Он – наверху, Анна – внизу, в своем кабинете, в живых осталась только черная толстая задница Кирстен. Но и она скоро перестанет дышать. Конечно, Кирстен не сделала мне ничего плохого (и Анна не сделала ничего плохого!), вряд ли она вообще видела меня. Но… Убить красавицу Анну и пройти мимо толстухи Кирстен – это было бы верхом несправедливости!..
Кирстен меня не видит, она стоит лицом к окну, такому же широкому, как и окно в кабинете Анны, и в нем так же застыл сумеречный сад. Только ракурс немного изменился, драконы – чуть левее, левее и прудик с черной водой, добавилась пара кустов и с десяток бумажных фонариков. Каменные драконы видели убийство Анны, и вода в пруду в видела, но они не смогут предупредить Кирстен, не смогут ей помочь.

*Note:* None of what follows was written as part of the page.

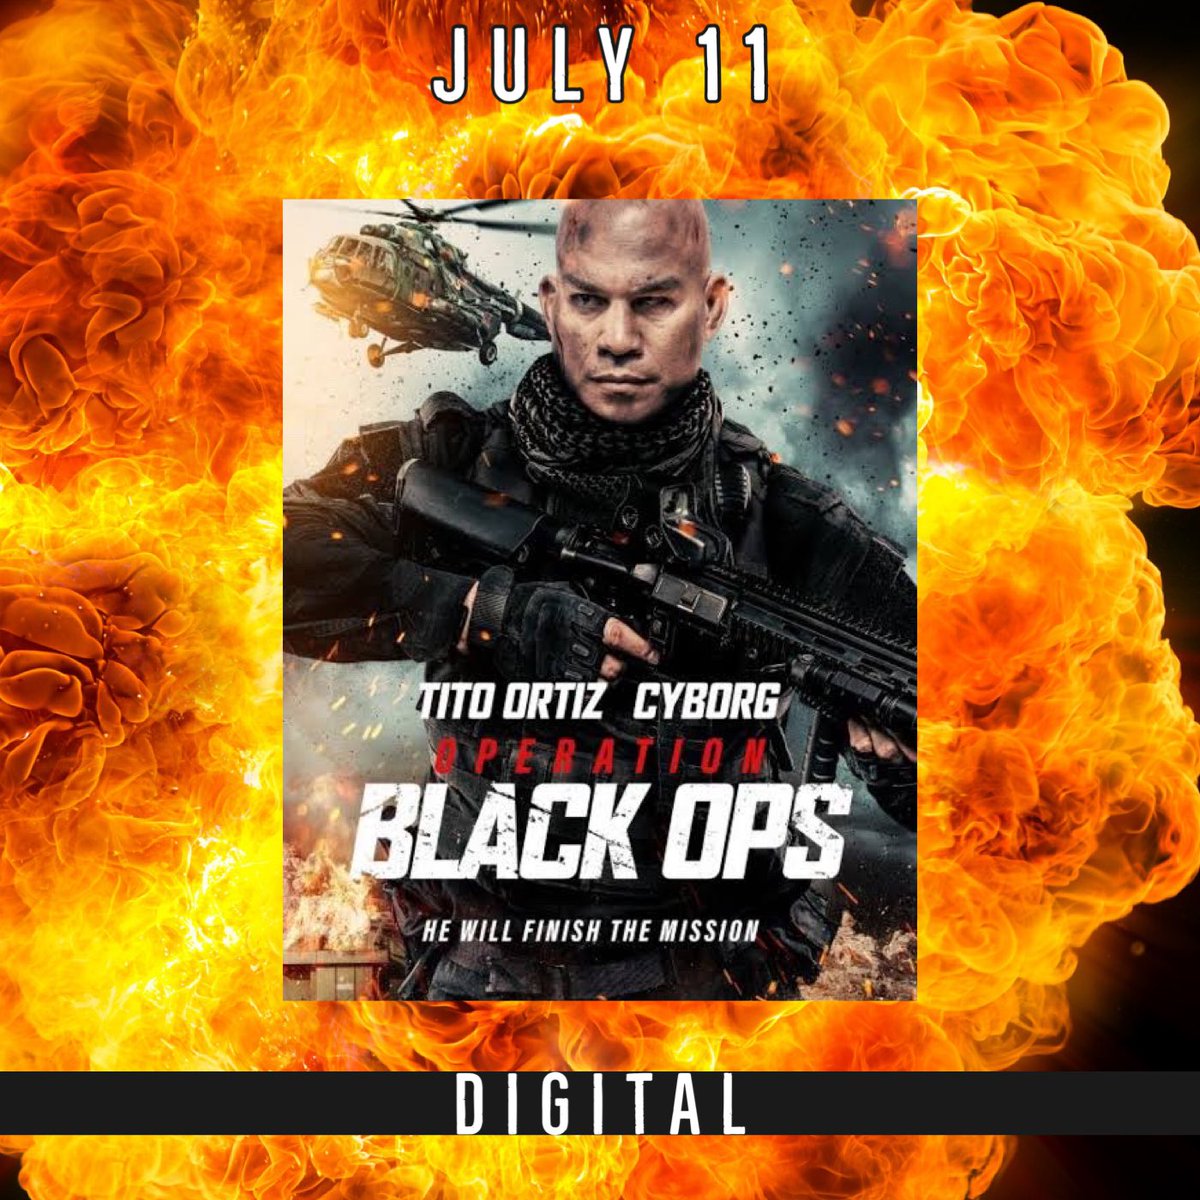 Explosive to say the least, OPERATION BLACK OPS is available on digital platforms including ITunes and Amazon July 11!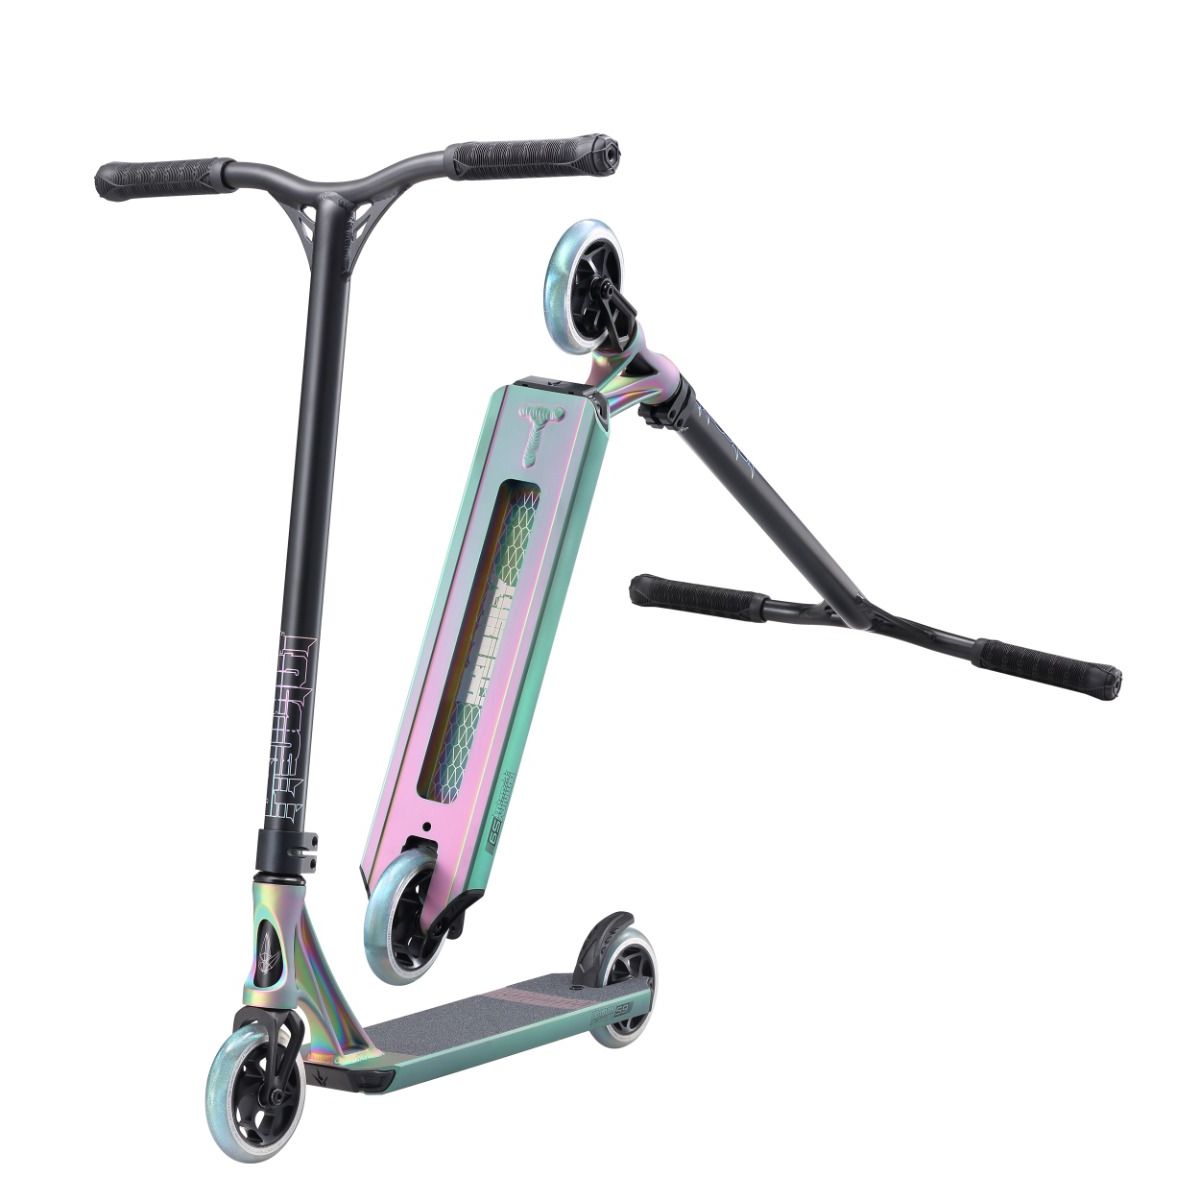 Experience the Adrenaline Rush with the Blunt Envy Scooter

В кухне царит образцовый порядок.
Открытие последней минуты: и безалаберные уроженцы Африки могут поддерживать унылую шведскую чистоту. Все предметы, заполняющие кухню, выдраены до блеска, все поверхности сверкают, и я не собираюсь ничего нарушать в стерильном укладе кухни. Я просто уберу из нее одну-единственную, не очень-то вписывающуюся в пейзаж, деталь.
– Привет, я Дэн. Друг Анны, – говорю я. Быть другом Анны мне гораздо приятнее, чем быть дружком Лягушонка.
Не громко, но и не особенно тихо, при желании толстуха могла бы услышать меня. Она не слышит. Так, невидимый, неслышимый, я делаю несколько осторожных шагов, я приближаюсь к Кирстен. Тут-то и становится различимой надпись:
«HELLO!
I AM A BITCH!»
Гы-гы, бу-га-га, нахх!.. Напряжение, до сих пор сковывавшее меня, отпускает, мне даже становится весело. Если ты сука, милая моя, то сам бог велел поступить с тобой по-сучьи, уж извини. Ярко-желтая футболка обтягивает бока Кирстен, жир так и выпирает из нее, чуть не лопается, стекает вниз. Еще одна разновидность водопада, и я не потратил бы ни одного кадра, чтобы заснять его. Быть может, колоритная фигура нигерийской домработницы заинтересовала бы Август, даже скорее всего – заинтересовала, но Август мертва.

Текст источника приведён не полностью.